Please write out the full listing beneath this line exactly, skipping its images.
[Supplied material Boundary: Start]
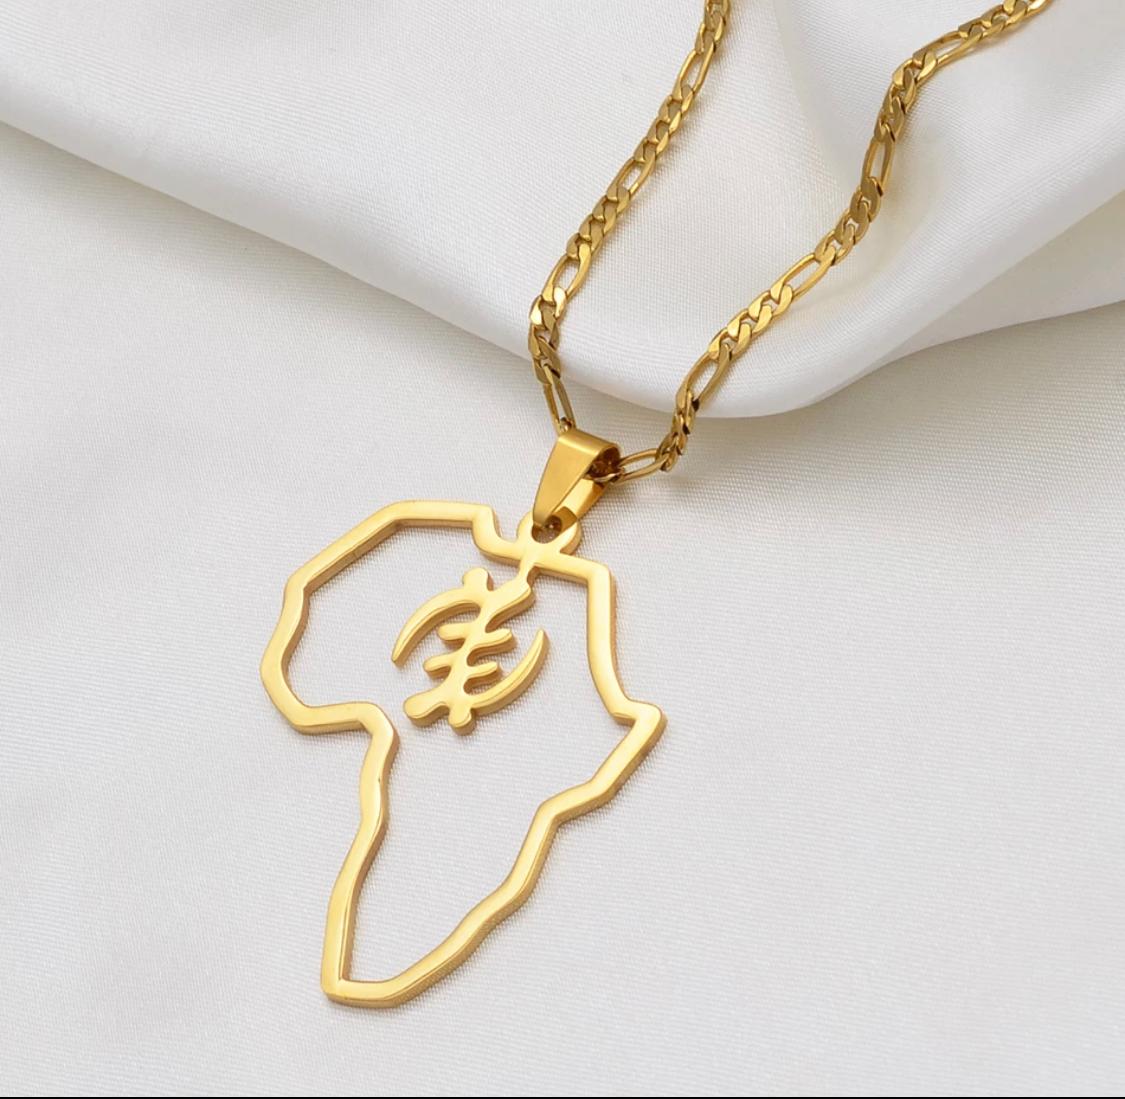 Gye Nyame African Symbol Pendant Necklaces For Men and women.
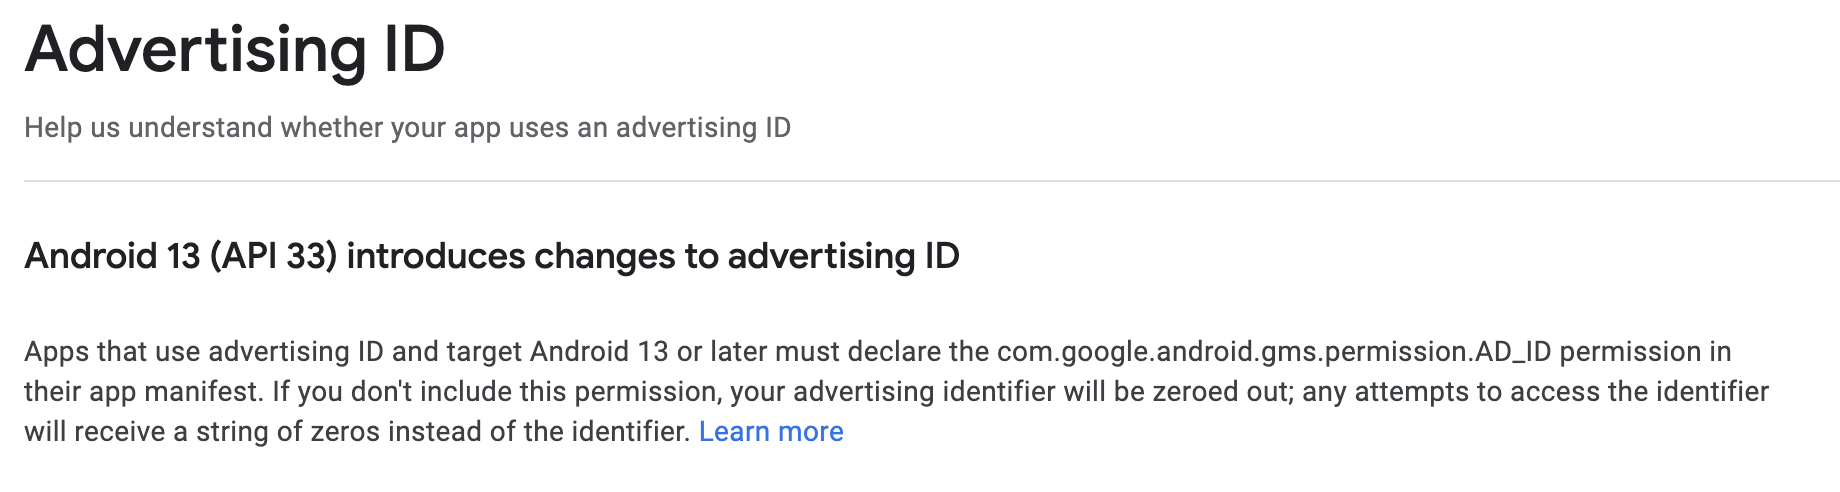 Advertising ID - Declaration for Android 13(API 33), when and how to submit it.
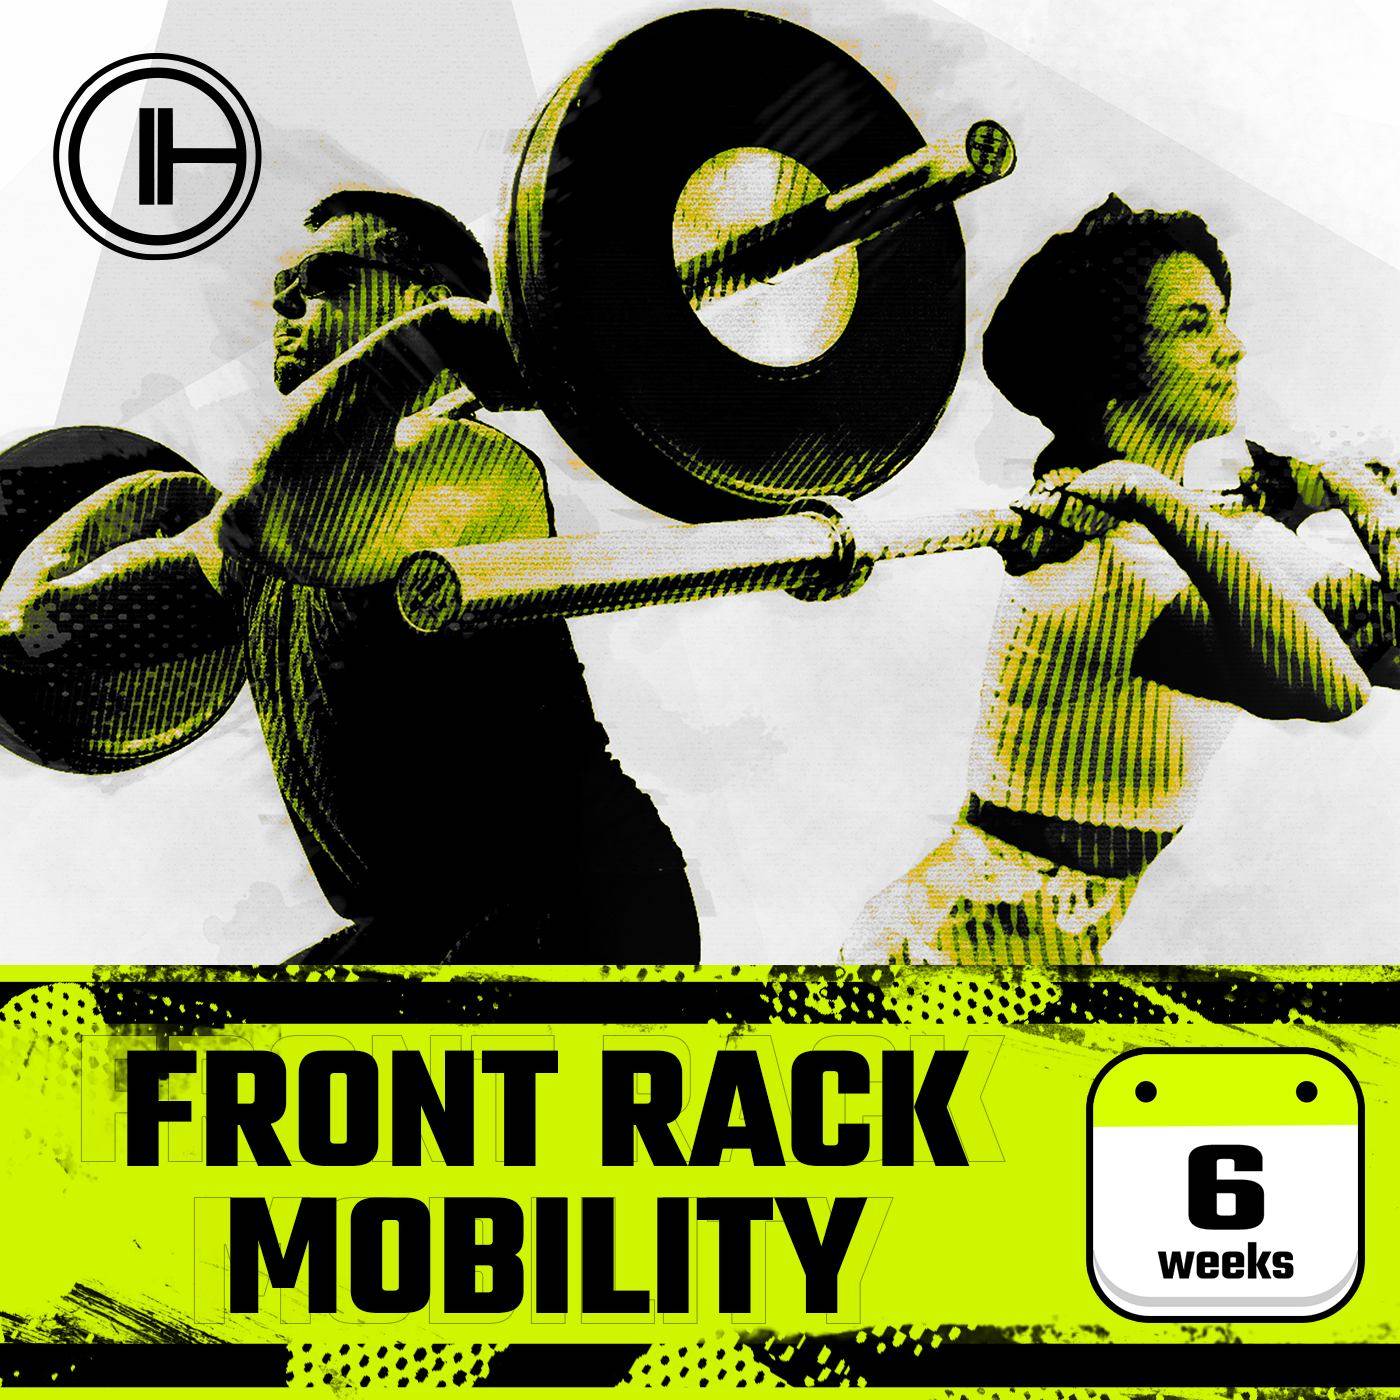 FRONT RACK MOBILITY
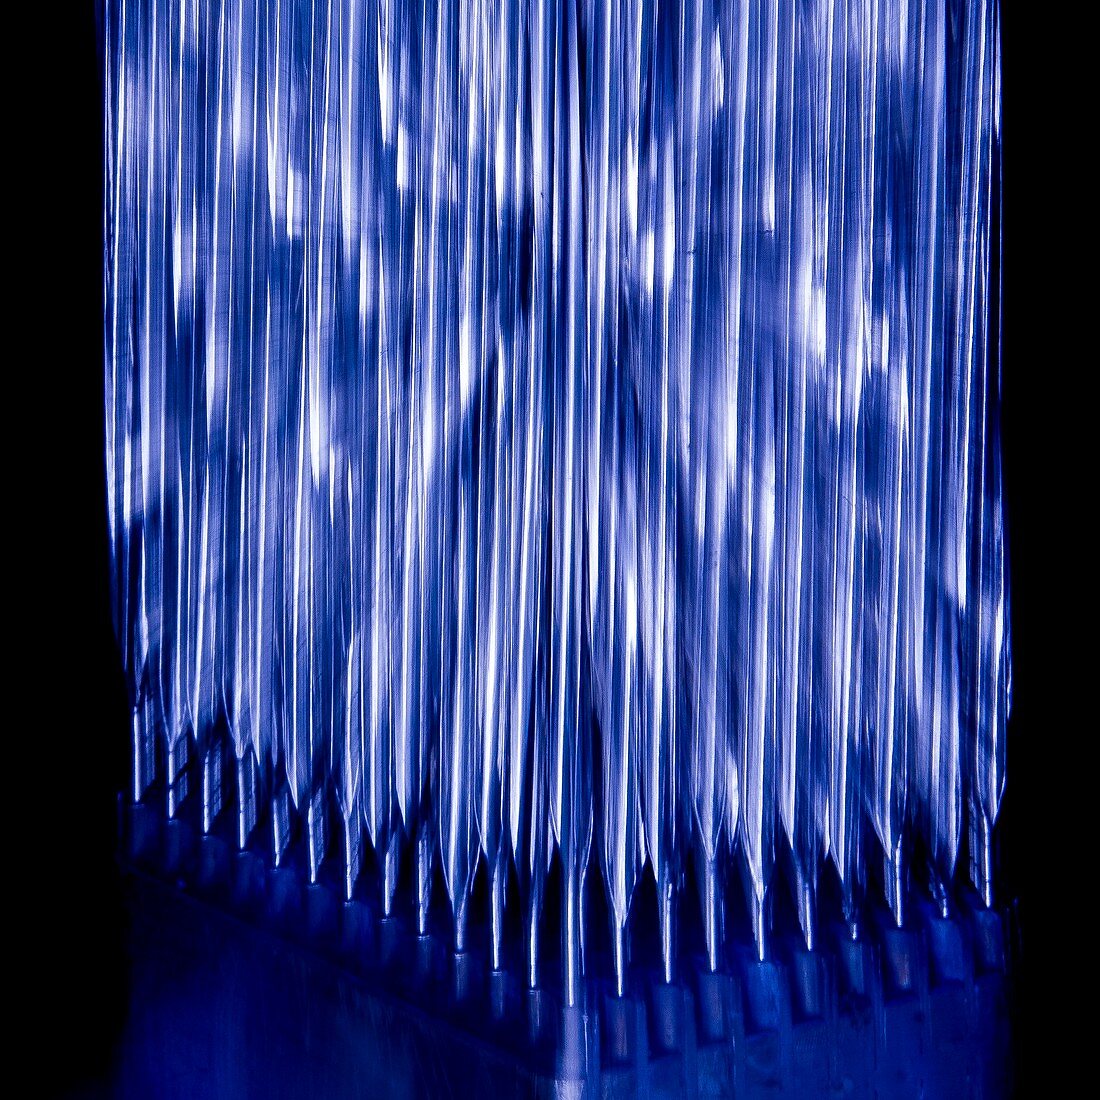 High-neutron-flux nuclear reactor fuel rods, abstract image
[Supplied material Boundary: End]
Result below.
 Gye Nyame African Symbol Pendant Necklaces For Men and women.
 Advertising ID - Declaration for Android 13(API 33), when and how to submit it.
 FRONT RACK MOBILITY
 High-neutron-flux nuclear reactor fuel rods, abstract image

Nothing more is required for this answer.